▶ What needs to be done
In the records below, find the line that contains "The Fall Guy: Season 1, Volume 2 DVD" and the line that contains "golfing, golfer, man". Set down exactly those lines and every line between them, and nothing more.

▶ Given records
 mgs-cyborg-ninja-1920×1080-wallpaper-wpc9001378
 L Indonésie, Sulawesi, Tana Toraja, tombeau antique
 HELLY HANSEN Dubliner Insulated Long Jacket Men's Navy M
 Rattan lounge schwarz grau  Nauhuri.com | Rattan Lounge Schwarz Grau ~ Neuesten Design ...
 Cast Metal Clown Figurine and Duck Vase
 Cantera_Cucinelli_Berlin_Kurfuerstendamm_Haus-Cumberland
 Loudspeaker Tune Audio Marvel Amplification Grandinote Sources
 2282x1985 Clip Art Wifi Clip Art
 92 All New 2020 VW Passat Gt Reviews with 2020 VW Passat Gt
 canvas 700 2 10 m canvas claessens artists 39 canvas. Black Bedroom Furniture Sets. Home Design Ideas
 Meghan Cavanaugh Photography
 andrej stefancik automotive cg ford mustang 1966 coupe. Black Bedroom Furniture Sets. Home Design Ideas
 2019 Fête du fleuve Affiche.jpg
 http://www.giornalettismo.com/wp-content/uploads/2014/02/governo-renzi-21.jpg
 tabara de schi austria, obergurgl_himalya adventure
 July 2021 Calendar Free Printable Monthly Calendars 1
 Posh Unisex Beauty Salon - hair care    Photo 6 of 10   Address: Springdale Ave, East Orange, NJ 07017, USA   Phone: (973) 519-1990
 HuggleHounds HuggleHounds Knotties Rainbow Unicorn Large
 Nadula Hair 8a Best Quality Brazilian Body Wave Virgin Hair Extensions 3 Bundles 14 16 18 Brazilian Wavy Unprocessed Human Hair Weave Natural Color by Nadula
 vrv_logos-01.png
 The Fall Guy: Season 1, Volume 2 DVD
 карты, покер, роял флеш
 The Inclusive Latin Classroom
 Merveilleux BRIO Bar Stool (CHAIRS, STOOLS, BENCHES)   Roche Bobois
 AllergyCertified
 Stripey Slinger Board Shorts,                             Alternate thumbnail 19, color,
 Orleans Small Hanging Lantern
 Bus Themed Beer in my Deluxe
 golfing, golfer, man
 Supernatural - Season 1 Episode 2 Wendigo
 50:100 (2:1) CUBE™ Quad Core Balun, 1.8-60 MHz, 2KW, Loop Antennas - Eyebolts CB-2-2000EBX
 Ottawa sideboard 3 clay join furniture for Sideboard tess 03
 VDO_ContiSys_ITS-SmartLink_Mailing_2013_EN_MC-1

▶ Response
 The Fall Guy: Season 1, Volume 2 DVD
 карты, покер, роял флеш
 The Inclusive Latin Classroom
 Merveilleux BRIO Bar Stool (CHAIRS, STOOLS, BENCHES)   Roche Bobois
 AllergyCertified
 Stripey Slinger Board Shorts,                             Alternate thumbnail 19, color,
 Orleans Small Hanging Lantern
 Bus Themed Beer in my Deluxe
 golfing, golfer, man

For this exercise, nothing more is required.